## Exercise description
This task calls for the lines below starting at the one containing "Russian Bear aircraft" and ending at the one containing "Densities of log-normal", repeated exactly with both ends kept and pictures left out.

## Records shown
━━━━━━

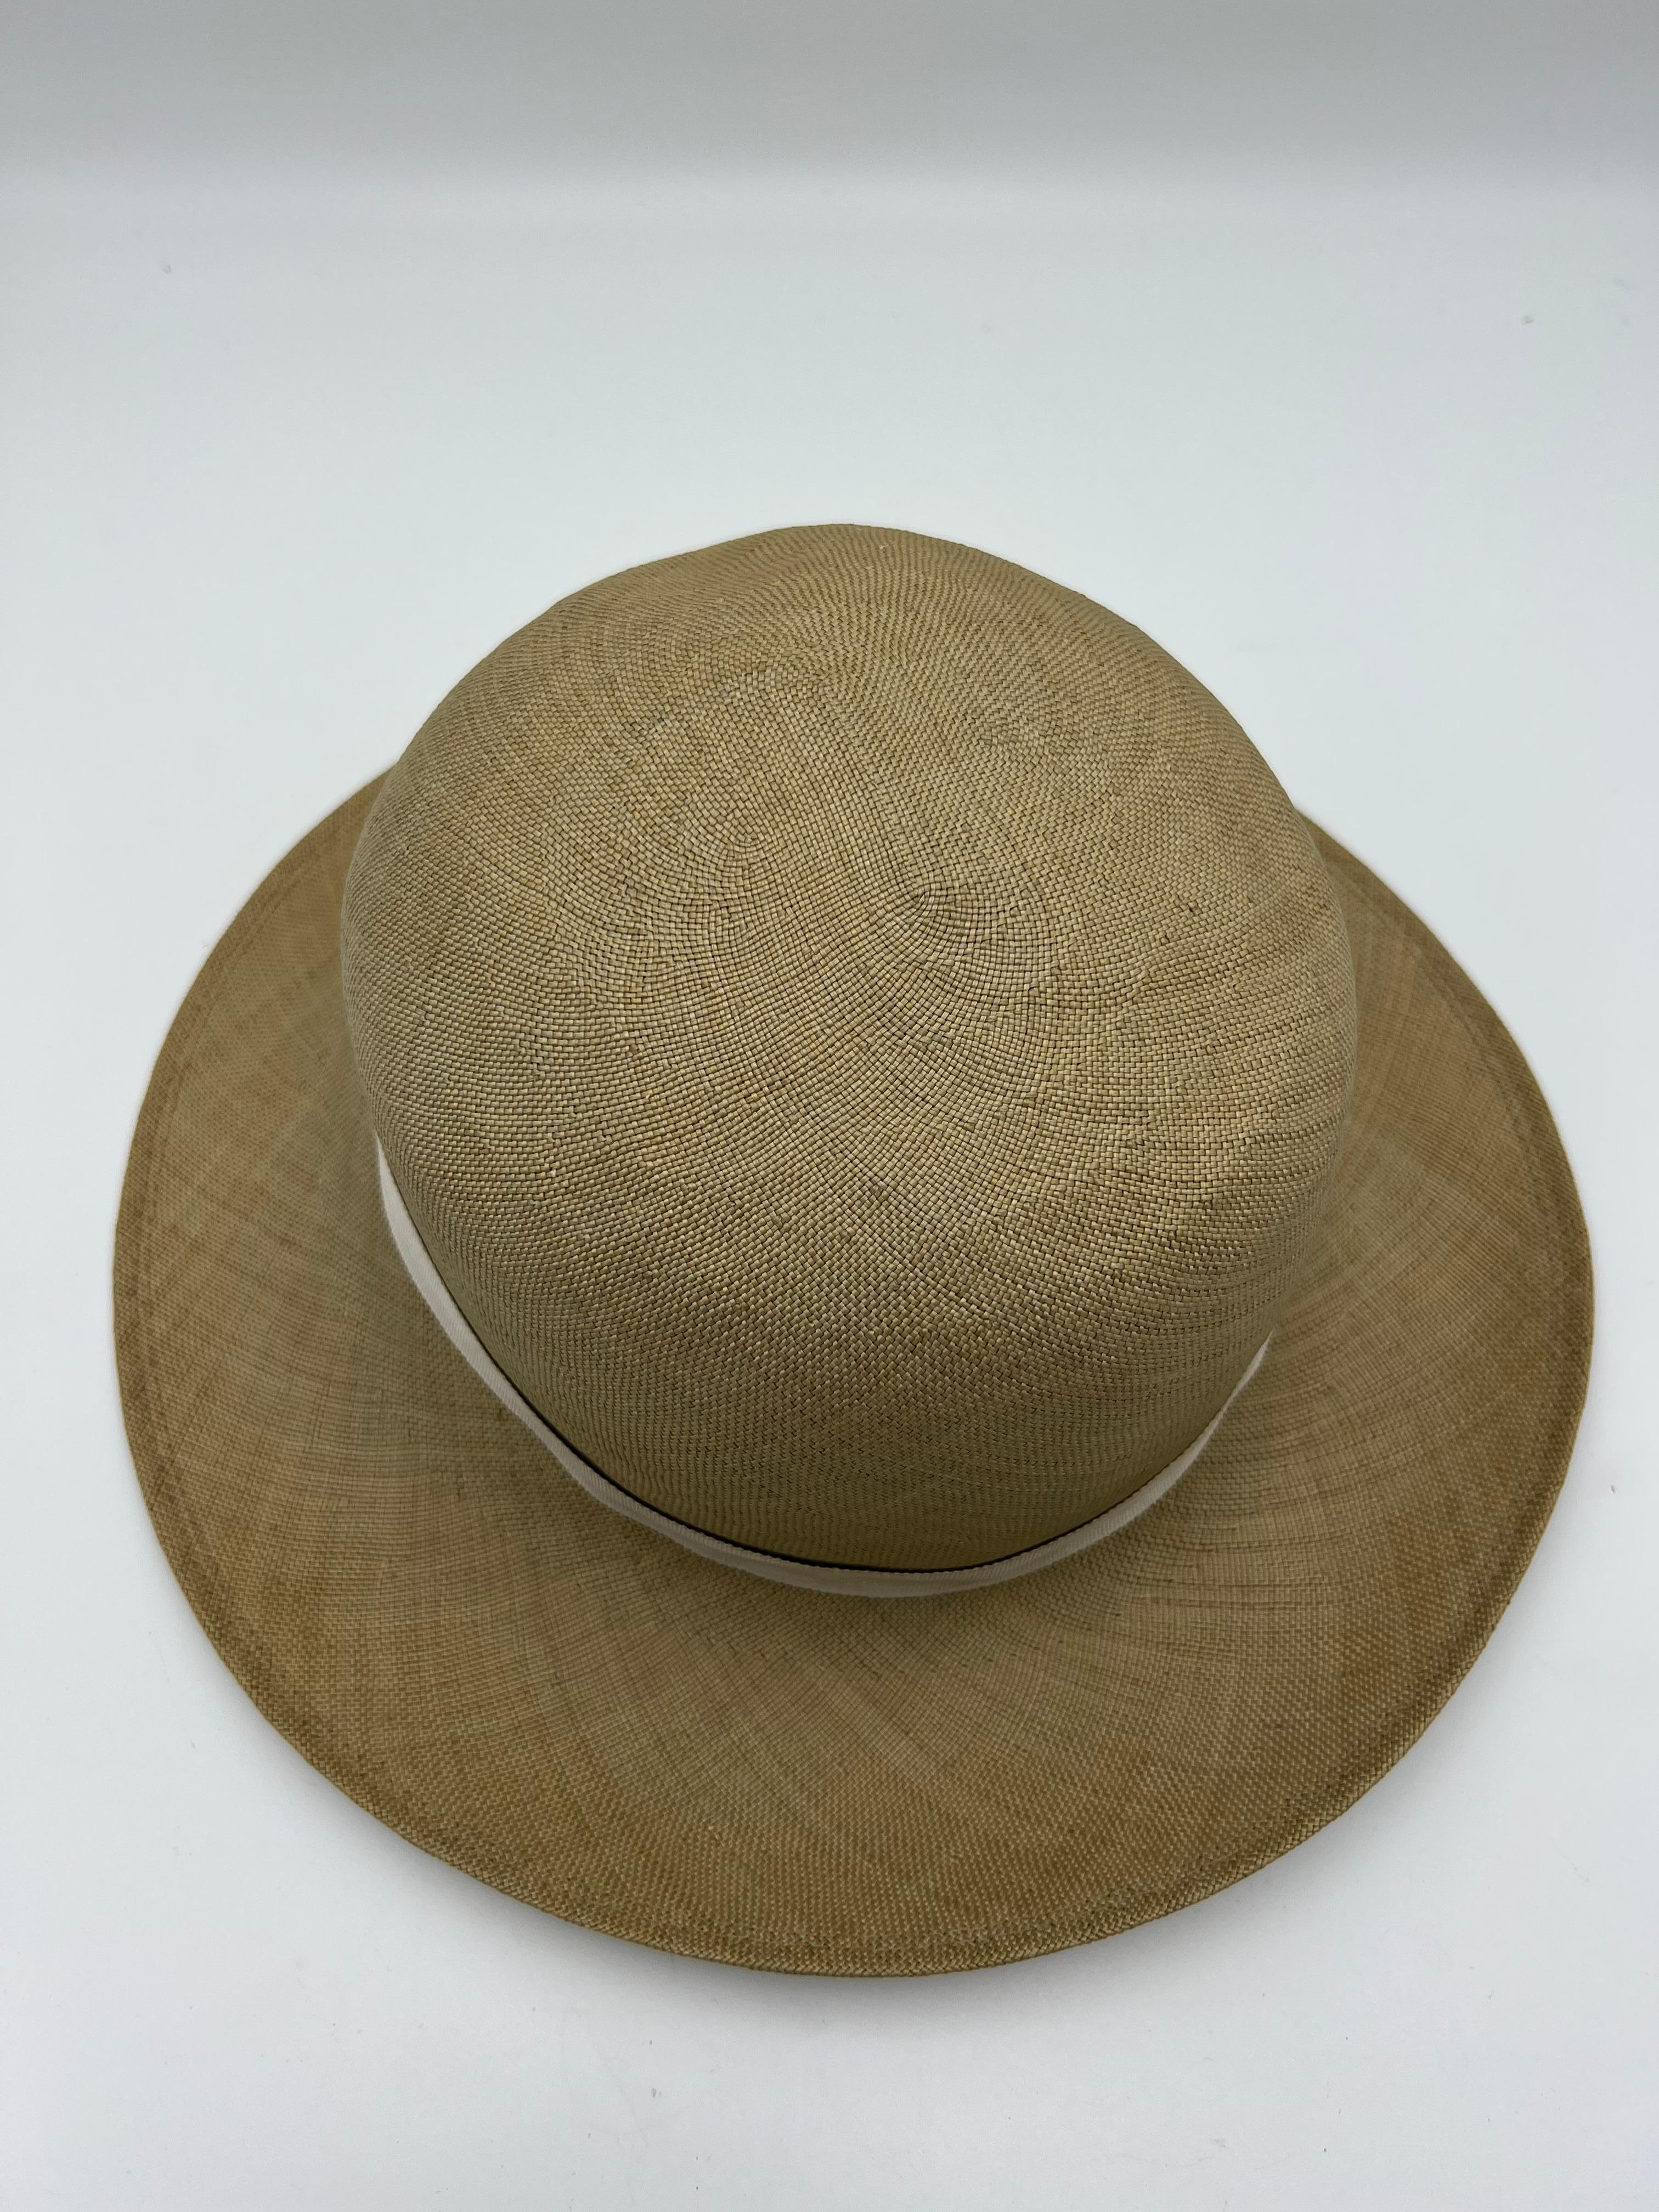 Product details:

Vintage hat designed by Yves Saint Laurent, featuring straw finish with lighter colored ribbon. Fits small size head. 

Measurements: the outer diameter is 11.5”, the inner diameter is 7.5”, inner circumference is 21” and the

━━━━━━

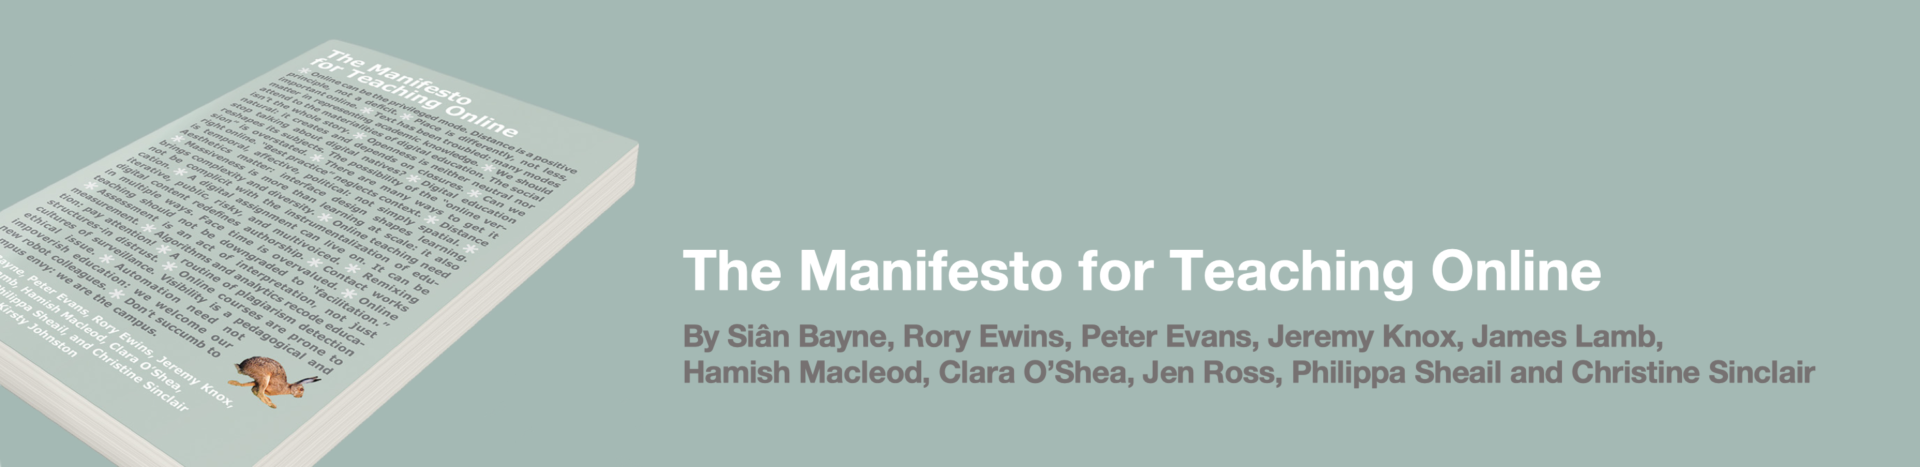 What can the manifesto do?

━━━━━━

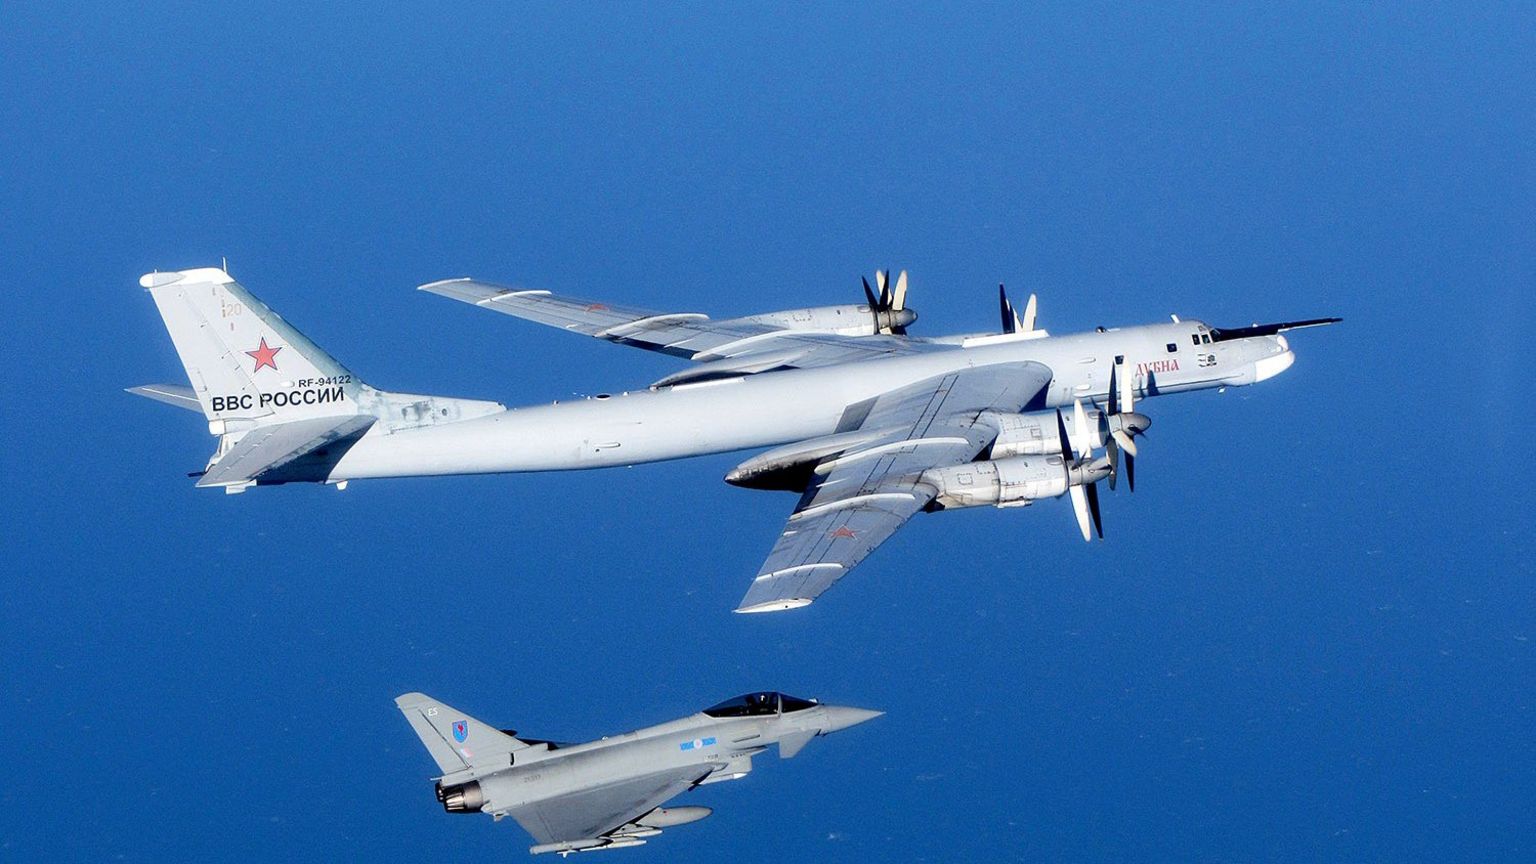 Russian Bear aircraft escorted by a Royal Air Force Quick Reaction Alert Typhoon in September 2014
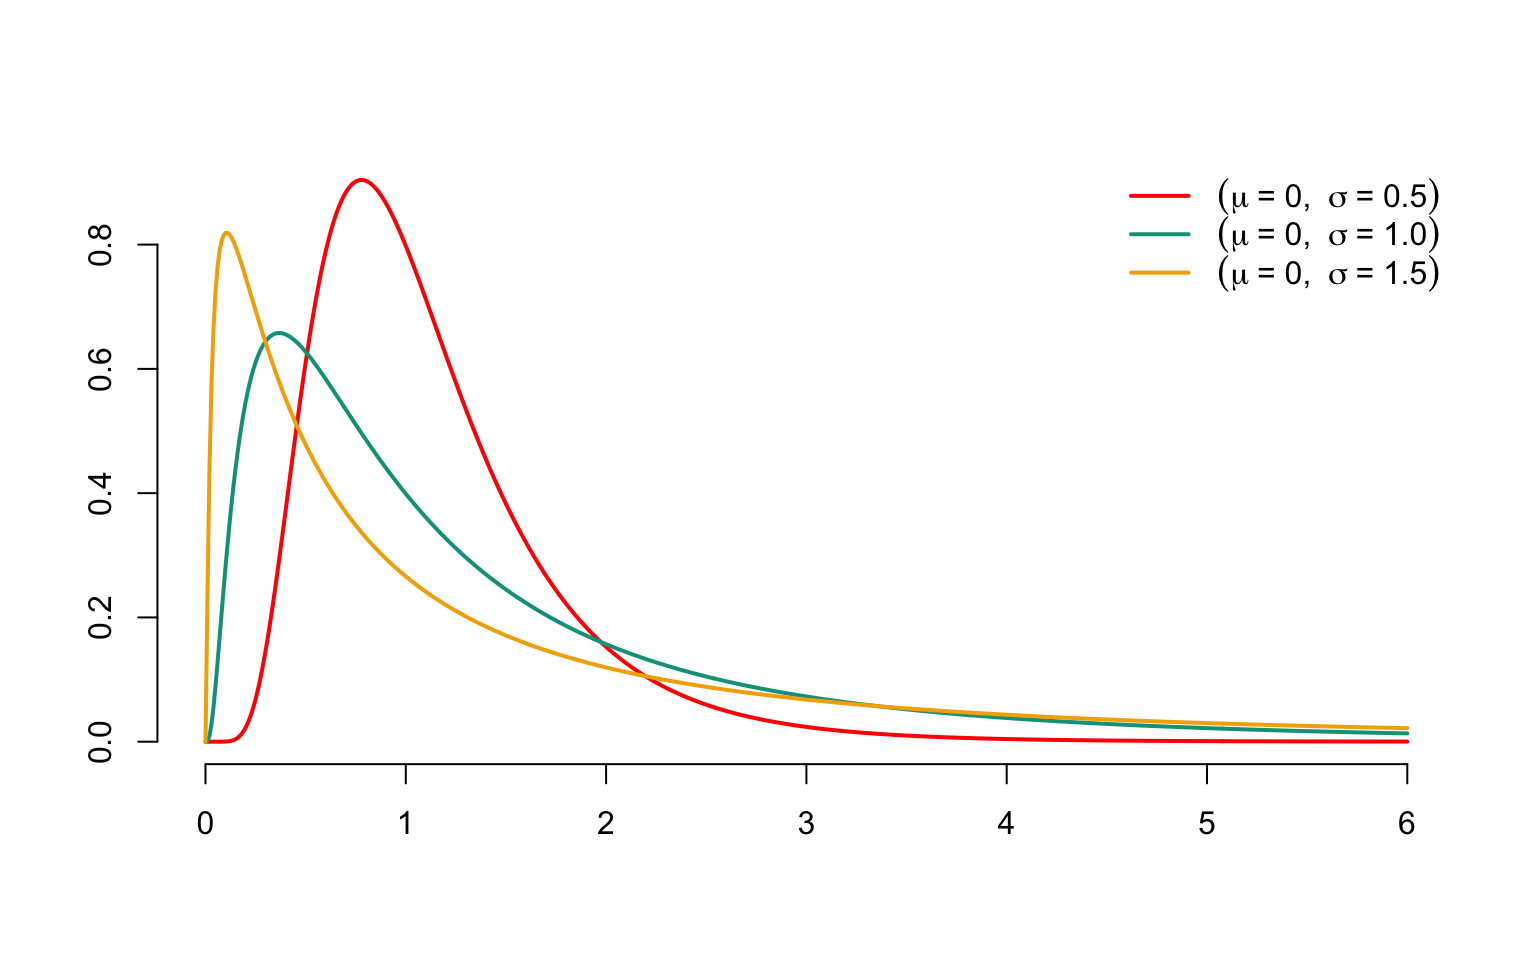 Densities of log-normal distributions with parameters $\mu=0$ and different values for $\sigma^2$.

━━━━━━

## Answer
 Russian Bear aircraft escorted by a Royal Air Force Quick Reaction Alert Typhoon in September 2014
 Densities of log-normal distributions with parameters $\mu=0$ and different values for $\sigma^2$.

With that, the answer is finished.